КОВРЫ

Я сидел в мрачном, тихом дукане — ковровой лавке, попивая ароматный чай. Передо мной возвышались кипы ковров, вдоль стен рядами стояли большие и маленькие рулоны. Через освещенный дверной проем доносился приглушенный шум улицы. Рядом со мной сидел дукандар-саиб — владелец лавки. Он не спеша попивал зеленый чай и, понимая, что мысли мои где-то далеко, тактично не возобновлял прерванного разговора.

Я медленно возвращался к действительности. Торговец моментально заметил это и первый мой взгляд, обращенный в его сторону, встретил вопросом:

— Саиб?

— Ну! — произнес я тихо, и вновь воцарилось молчание.

Прямоугольник дверного проема начал окрашиваться в апельсиновые тона.

— Уже поздно, — заметил я.

— Это ничего, — прозвучало в ответ. — Может, еще чаю?

У старого Якуба я бывал чаще, чем у прочих торговцев коврами, которых считал своими друзьями. Он был моим наставником, помогая осваивать сложную науку о коврах.
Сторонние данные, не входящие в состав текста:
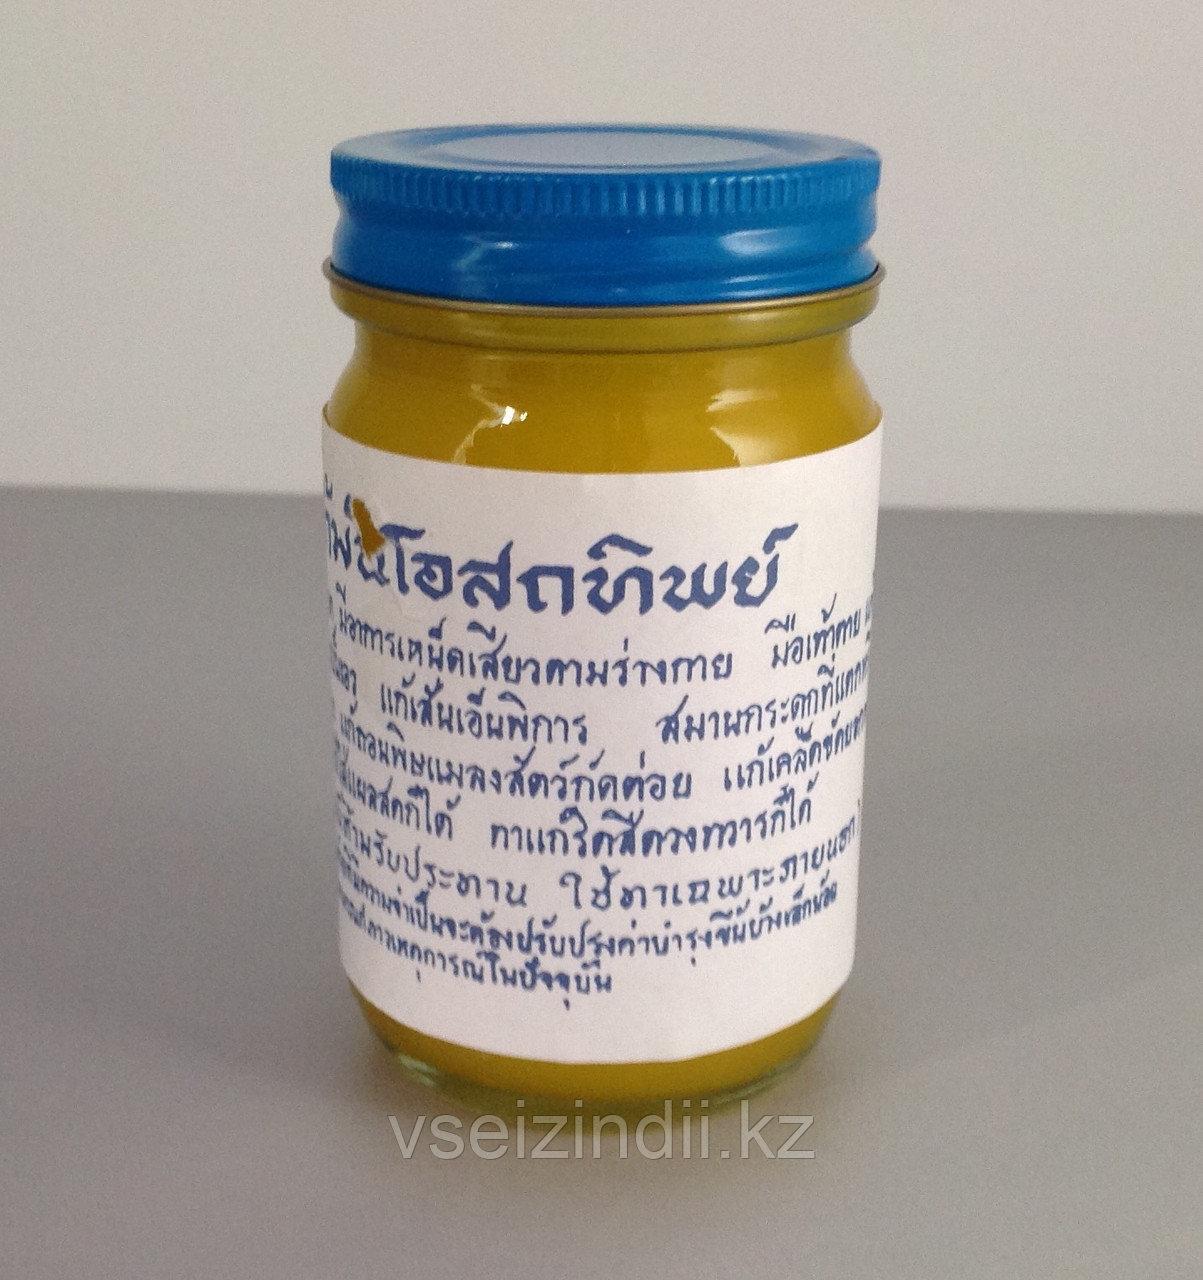 Традиционный Желтый Тайский Бальзам, 120 мл., Таиланд

Под приобретением ковров не следует понимать просто их скупку, в результате которой можно стать обладателем десятков или сотен экземпляров. Приобретение ковра — это длительная крупная игра, каждый ход которой не менее важен, чем ее результат. Достаточно сказать, что покупка мною четырех больших ковров продолжалась больше года. Человек, который выбирает ковер сразу и заключает сделку в течение нескольких минут, считается в Афганистане глупцом и невеждой. Такому не стоит и показывать, как выглядит настоящая, хорошая вещь. Впрочем, если даже и показать, он не оценит истинную, благородную красоту древнего рисунка, а предпочтет пестроту ковров, изготовленных в расчете на туристов с долларами.

Как-то раз мы с Барбарой решили, что поскольку так или иначе придется купить какой-нибудь коврик на память, то уже лучше сделать это сейчас, чтобы украсить скромное убранство двух наших комнат. Спустя пару дней мы посетили с этой целью один из крупных дуканов.

В большой, темной лавке помимо самого торговца и его помощника сидели два европейца. Склонившись над красно-коричневым прямоугольником ковра, они лениво беседовали на ломаном дари. Завидев новых клиентов, дукандар подбежал к входу:

— Господа хотят приобрести ковер? Прошу. Я могу предложить нечто вполне вас устраивающее.

Не переставая говорить, он схватил один из стоящих у стены рулонов и быстрым, плавным движением развернул его на полу. Брызнули черно-красно-бело-голубые краски — настоящая оргия.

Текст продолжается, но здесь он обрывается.